The main beams separated by the gradient dichroic filters 117 and 118 are irradiated to the R-AMA 20, the G-AMA 22, and the B-AMA 24, respectively. The mirrors of the optical path control devices 20, 22, and 24 modulate the main beams in accordance with electrical signals applied to the piezoelectric actuators provided thereunder. If an off voltage is applied to the piezoelectric actuator, the mirror does not vibrate, tilt or bend, so that the main beam does not pass through the projection stop 15 even if reflected by the mirror. On the other hand, when the on voltage is applied to the piezoelectric actuator, the strength of the main beam is modulated by vibrating, tilting or bending according to the embodiment in which the mirror is used. As a result, the amount of light is adjusted to enter the projection lens 16 in accordance with the degree of passing through the opening of the projection stop 15.

In this manner, the red, green, and blue beams of which the amount of light is controlled are projected onto the projection lens 16 to form unit pixels, and form an image on a screen on which M × N pixels are arranged.

The foregoing is merely illustrative of a preferred embodiment of the present invention and those skilled in the art to which the present invention pertains may make modifications and changes to the present invention without changing the subject matter of the present invention.

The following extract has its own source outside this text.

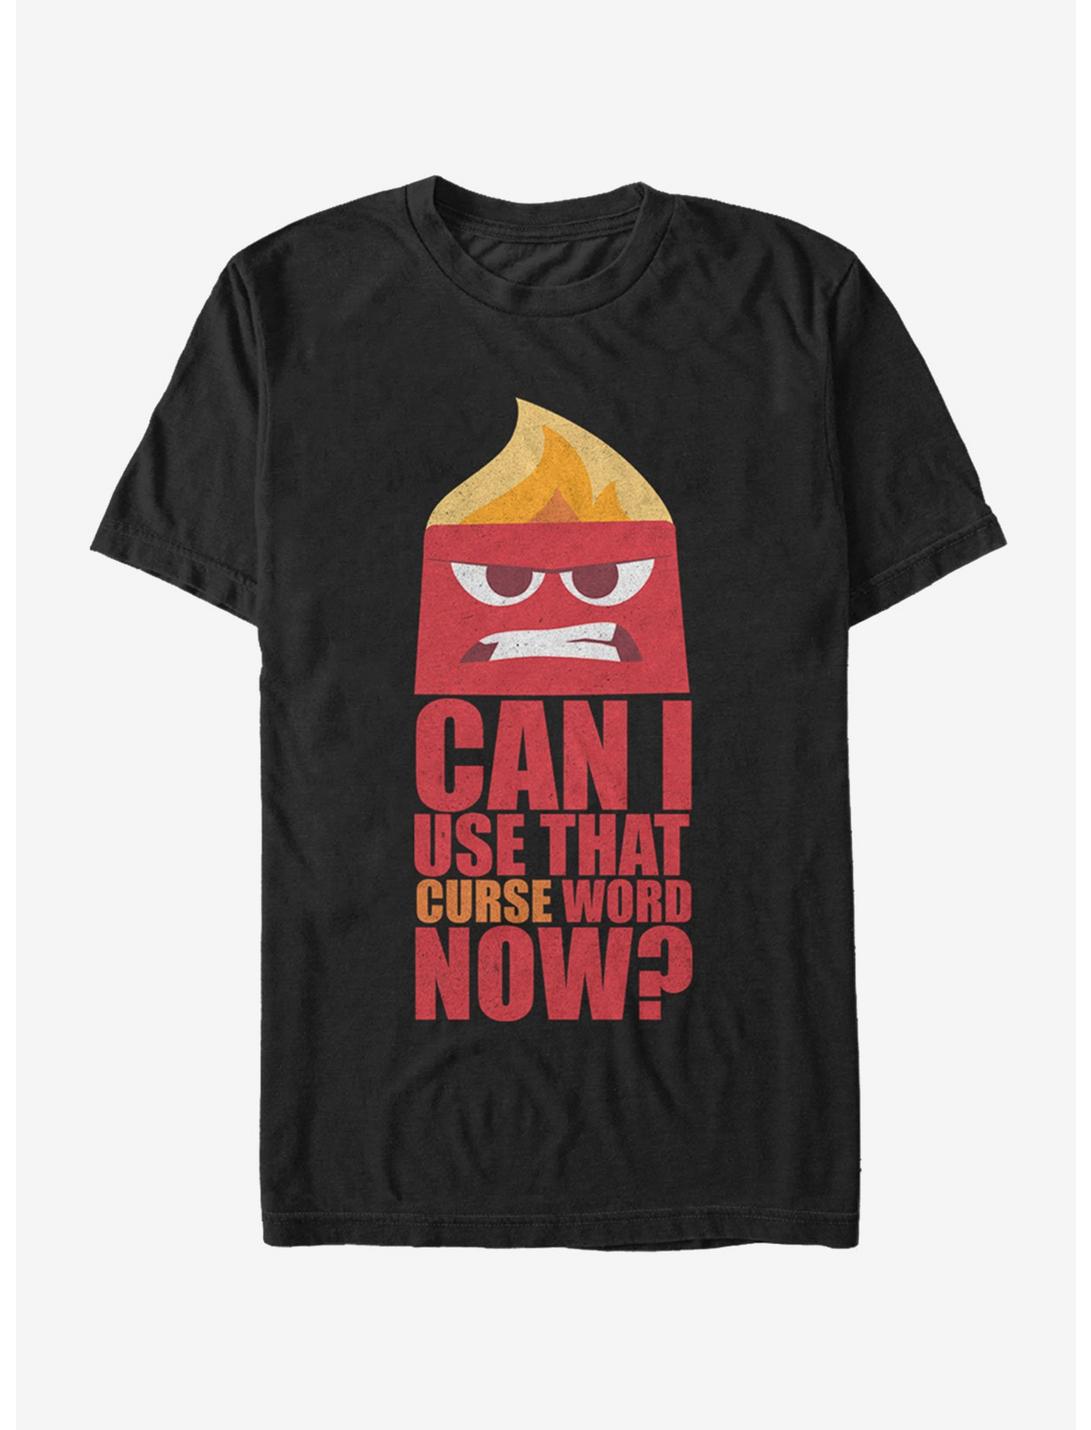 Disney Pixar Inside Out Anger Can I Use That Curse Word Now T-Shirt, BLACK, hi-res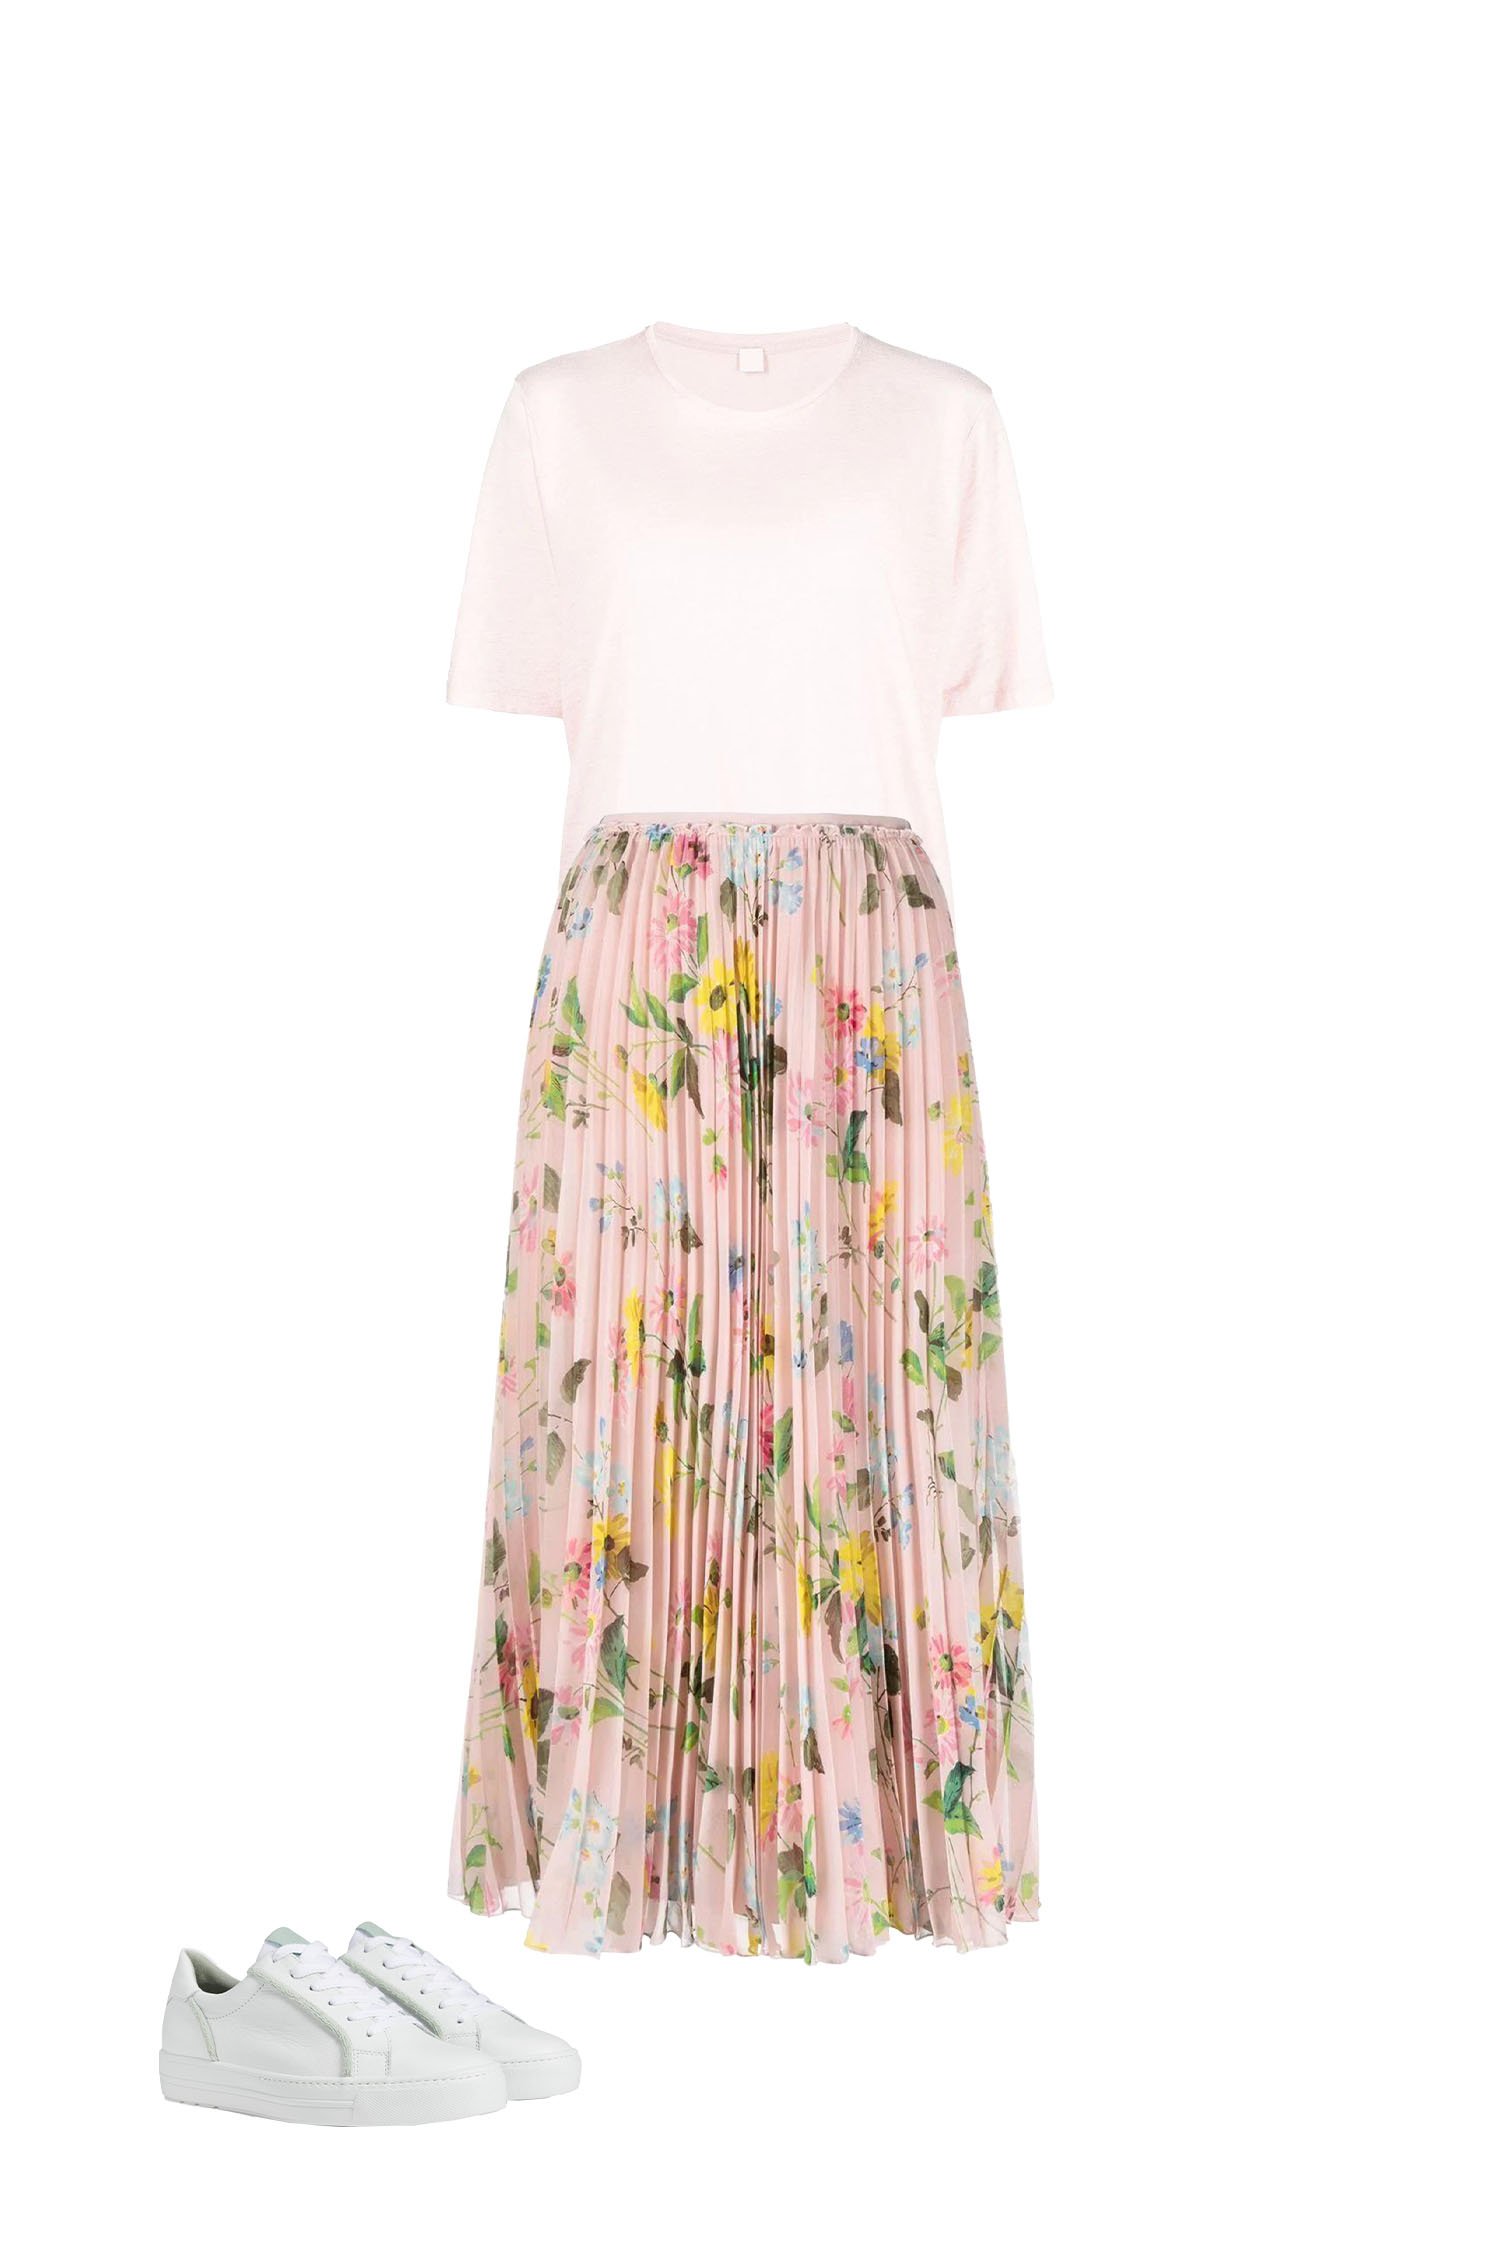 Pink Floral Pleated Skirt with Light Pink T-Shirt Outfit

Therefore, according to the present invention, even if the inclined dichroic filter is arranged to change the incident angle due to the optical system configuration, the coating material is continuously coated so that the change of the incident angle can be corrected according to the wavelength despite the change of the incident angle. This effectively separates the main beam, resulting in an improvement in color uniformity on the screen.

Claims (1)

Inclined dichroic filter coated with a light source that emits light, selectively reflecting or projecting the light emitted from the light source according to the wavelength, the coating material is continuously adjusted to vary the reflectance and transmittance according to the incident angle, the gradient dike An optical path control device (AMA) for modulating a main beam reflected or projected by the roic filter according to an applied electrical signal, and a projection stop and projection lens for projecting light modulated by the optical path control device (AMA) onto a screen And an optical system of a projection type image display device using AMA.